◆ PROBLEM TO SOLVE ◆
Restate the listing that follows word for word, without its pictures.

◆ RECORDED INFORMATION ◆
-- Opening Marker --

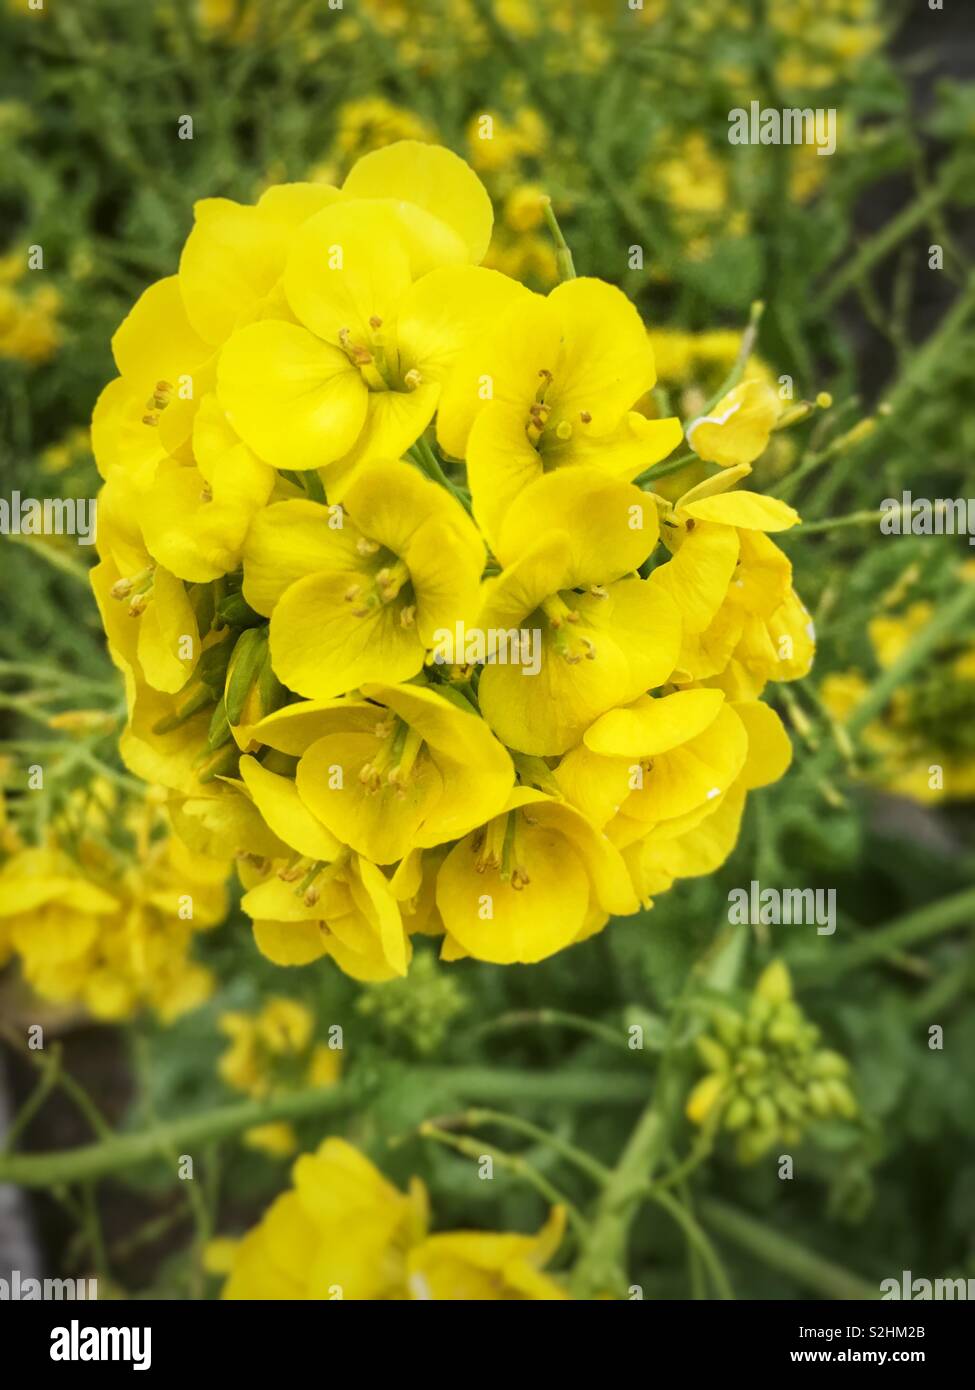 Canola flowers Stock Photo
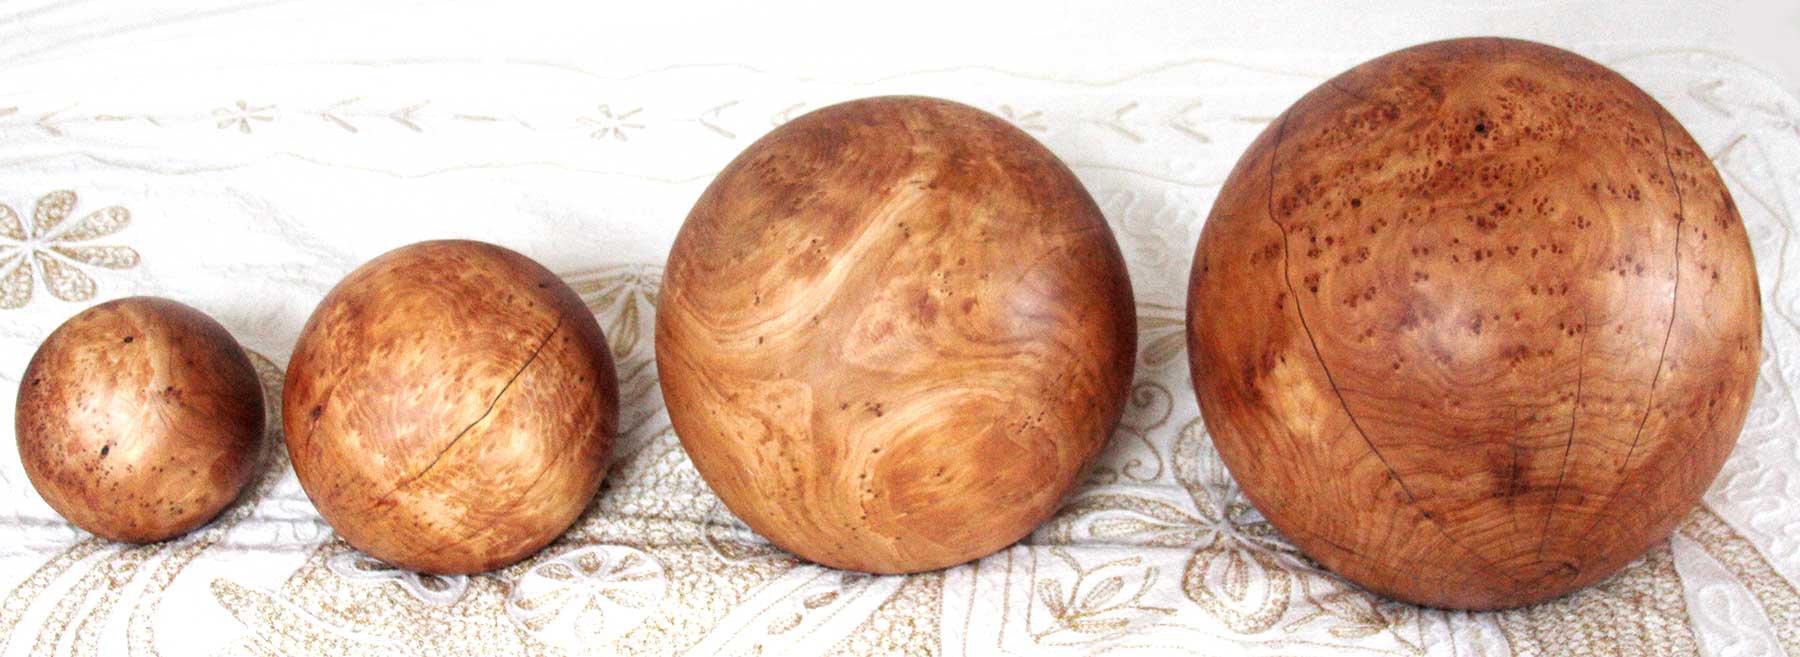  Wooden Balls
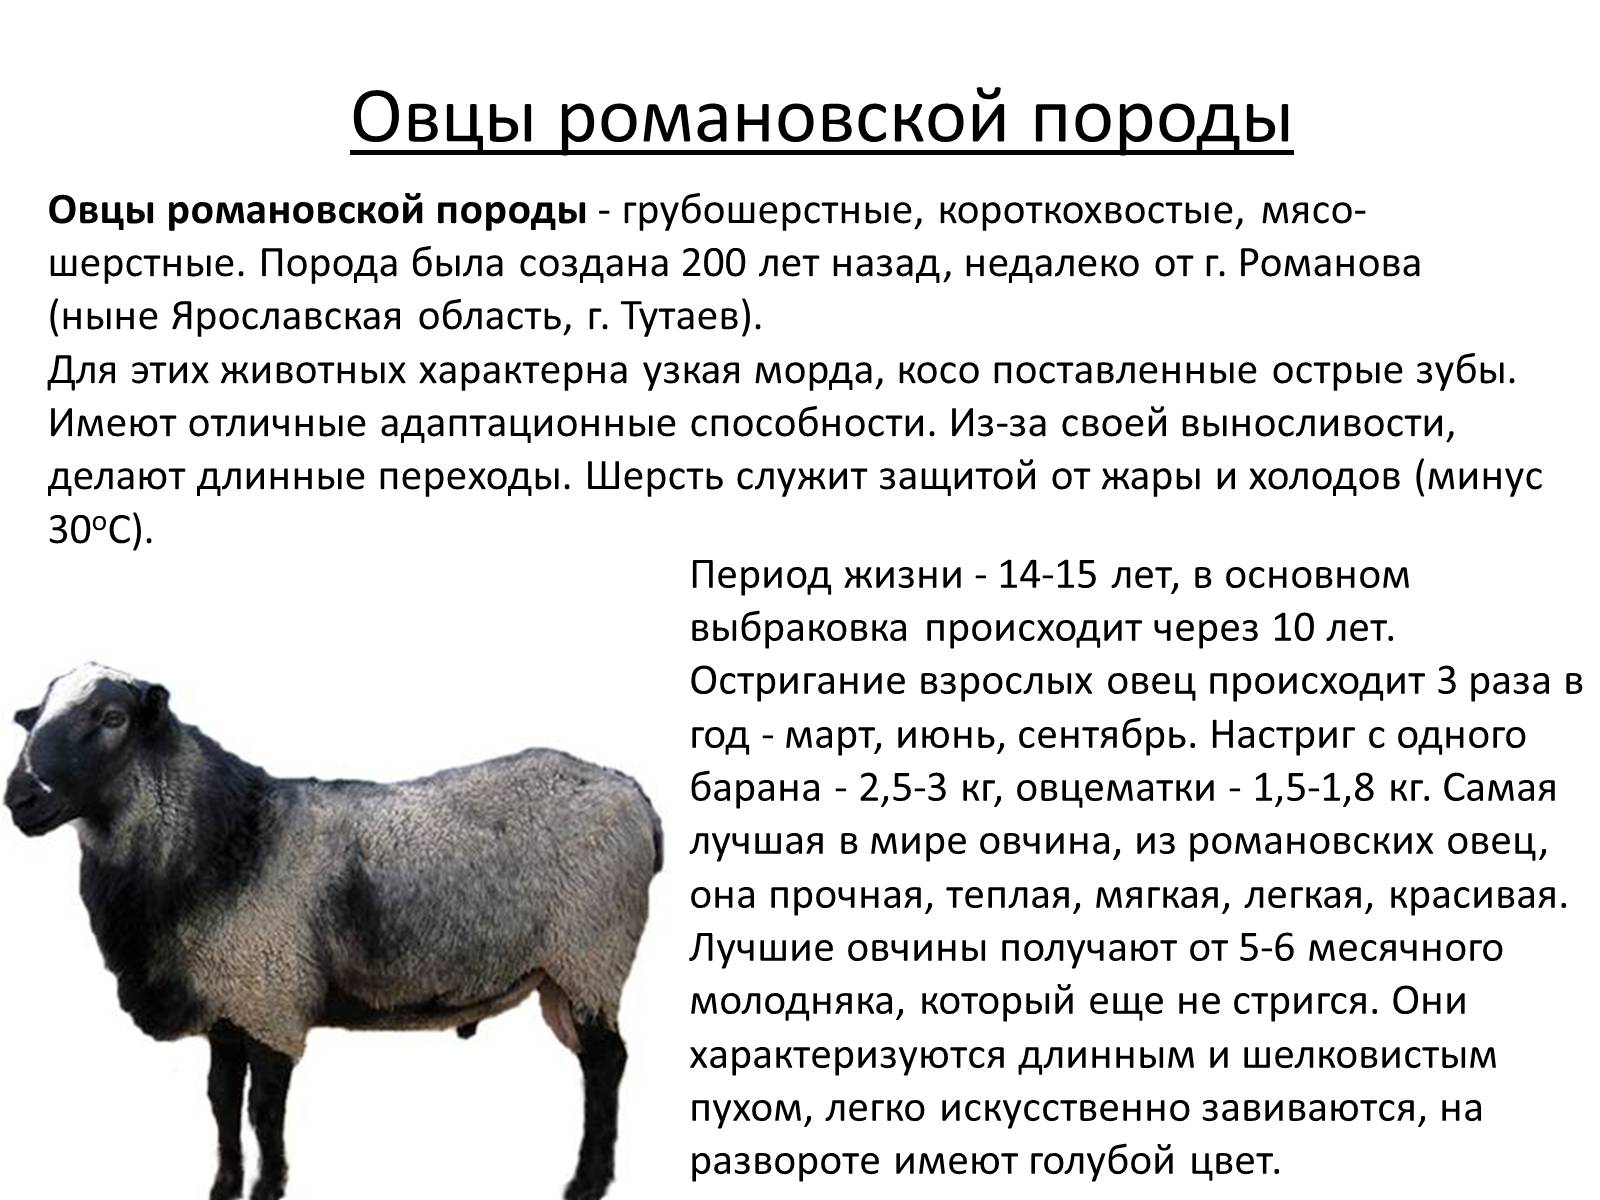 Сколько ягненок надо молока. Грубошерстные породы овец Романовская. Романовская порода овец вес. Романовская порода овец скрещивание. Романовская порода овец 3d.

-- Closing Marker --

◆ THE ANSWER ◆
 Canola flowers Stock Photo
  Wooden Balls
 Сколько ягненок надо молока. Грубошерстные породы овец Романовская. Романовская порода овец вес. Романовская порода овец скрещивание. Романовская порода овец 3d.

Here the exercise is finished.